Mike was very polite and professional in the way he dealt with customers. He was meticulously clean; he tucked his ponytail into the back of his jeans so that it wouldn’t get in the way, and he always wore an apron while he cooked. And like all good chefs, he couldn’t stand anyone being near him when he was cooking.
‘I can’t have this stress hanging over me all the time, McFadden. When I was working on Fifth Avenue in New York, they gave me complete creative control.’
Mike also had eyes in the back of his head. He could be crouched down, getting something out of the refrigerator, but he would still know exactly where I was and what I was doing. I would sneak over to eat a french fry when he wasn’t looking, but he always caught me.
‘That’s it, McFadden. Get out of my kitchen. Out!’ He’d stamp his foot and then point to the door in the same way as Ricardo did, except that Mike was serious. ‘I’ve warned you before about touching my french fries.’
‘Your french fries?’ I’d laugh, wondering how he always got me. ‘I paid for them.’

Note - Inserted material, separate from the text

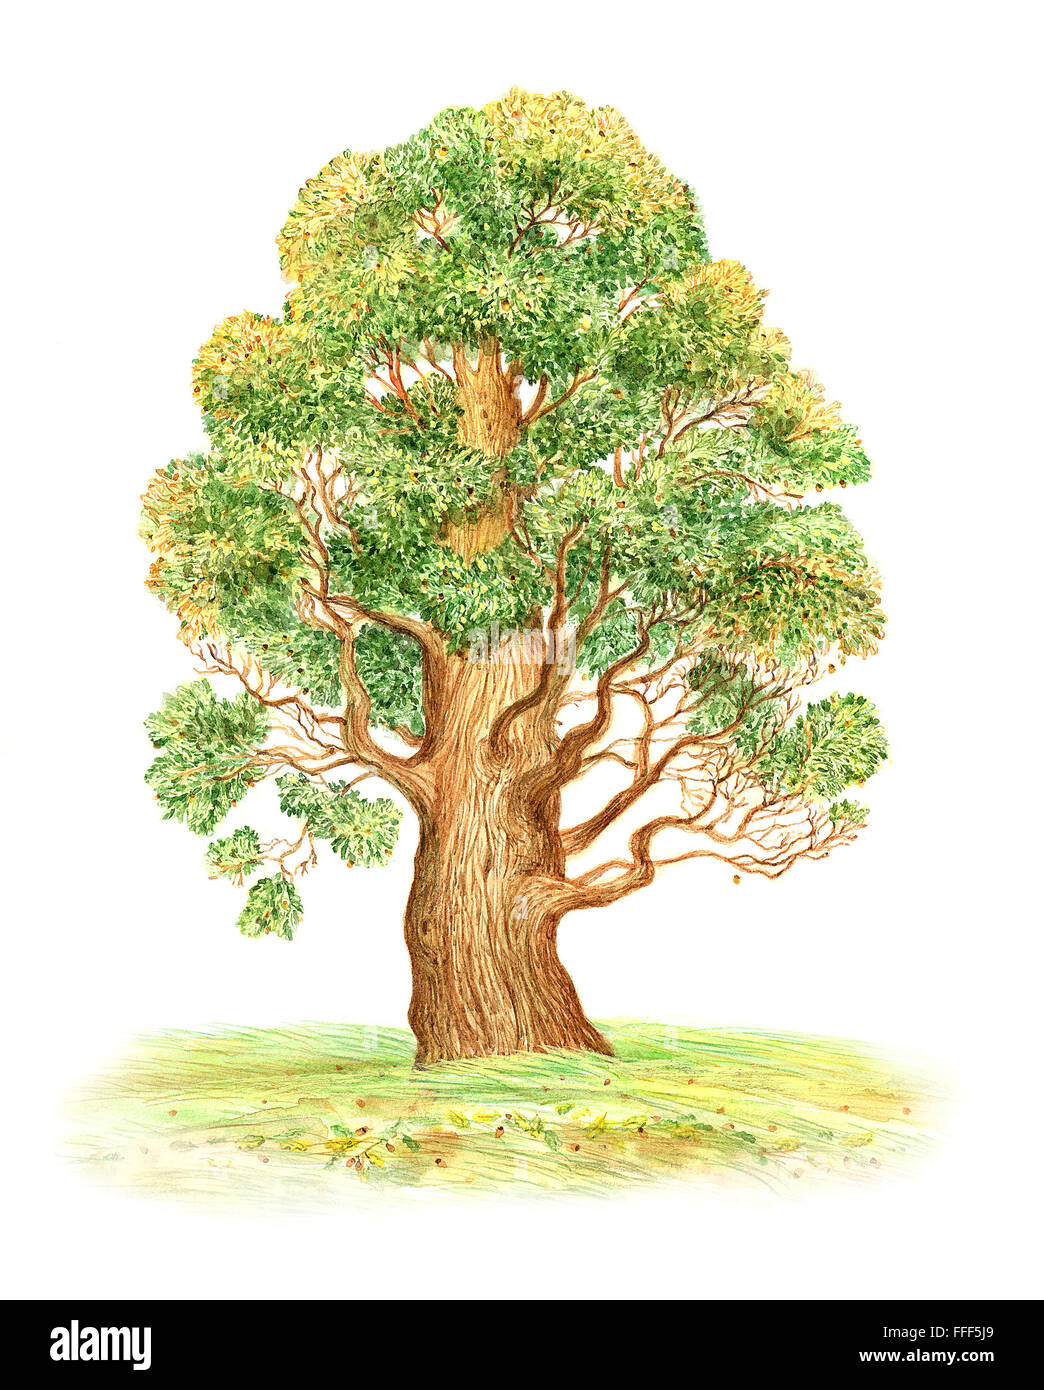 Beautiful Watercolor Painting Of A Large Oak Tree On A White Background Stock Photo - Alamy
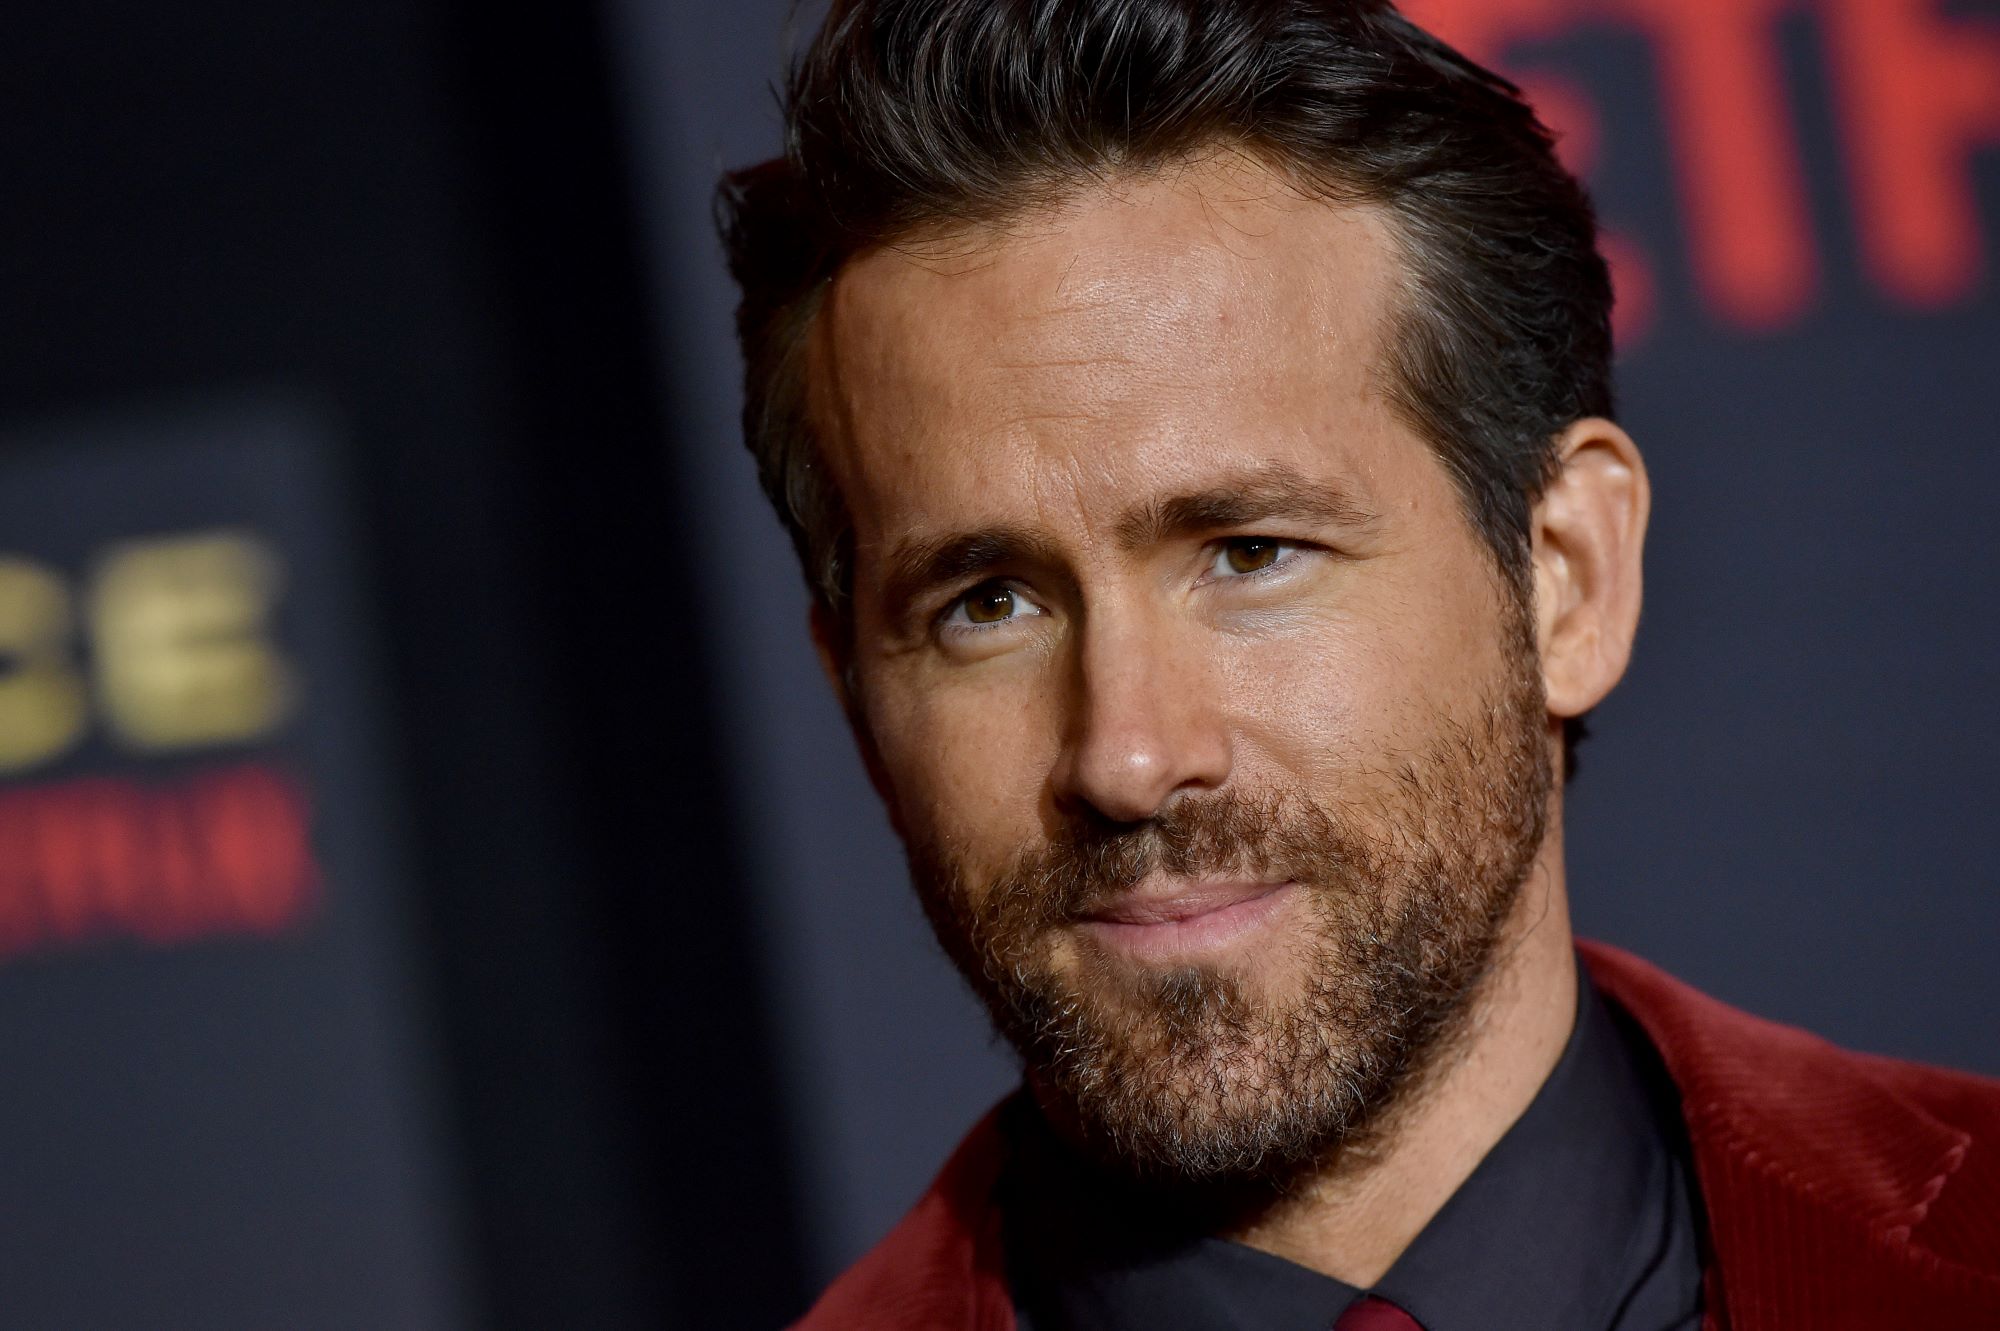 'Deadpool' star Ryan Reynolds, who denies he's in 'Doctor Strange in the Multiverse of Madness,' wears a red suit over a dark gray button-up shirt and red tie.

But Mike had an answer for everything: ‘Well, they’re my fries while I’m cooking them. Now get out!’
Then I’d politely remind him that I was the owner of the restaurant and he was my employee.
‘OK, then, McFadden. You just sit there and keep out of the way. I’ll call you when I need you to serve up.’
I was supposed to be the boss, but somehow I ended up as waiter and drinks boy. I didn’t mind, though; Mike made me laugh. While Mike cooked, I sat in the corner and cut the onions or peeled potatoes and listened to him go on and on. He would talk the whole time and do at least four things at once, without ever losing his concentration. I never got bored listening to him, either. He fascinated me, even when I knew that he was lying. He had an entire imaginary world that he had created for himself and sometimes he lived in it, or reminisced about it, and he always added new details and elaborated his stories until they almost got to the point of being ridiculous, but not quite.
‘And I said to Pablo, I said, “Pablo, don’t be fucking with me. This is Canadian Mike you’re talking to here.” And you know what? He listened. Pablo actually listened, for a change. He never listened to anybody else, but he used to listen to me. You know why? I’ve got a theory I developed from when I was a psychologist in Montreal: I think it was because Pablo wasn’t used to anyone standing up to him. In fact, I’m convinced of it. He’d been surrounded by yes men his whole life, when all along he was just waiting for somebody to say no. And you want to know something else about Pablo? Listen to this …’
Mike was funny. He didn’t know it himself, but Mike was very funny. He took himself way too seriously, which is what made him so funny. His funniest obsession by far was hygiene. One time I bought a bucket and some special soap for rinsing his hands, but he said you could only use the water once before it got infected with bacteria. Between orders, he would run to the bathroom to wash his hands and change the water. He always came back even more energetic than before. That guy could sniff a lot. And he had been doing it for so long that it was his normal state of mind, so you hardly noticed. He never admitted to it and even if you had caught him in the act, he would have denied it, because Mike had convinced himself that he wasn’t doing coke anymore.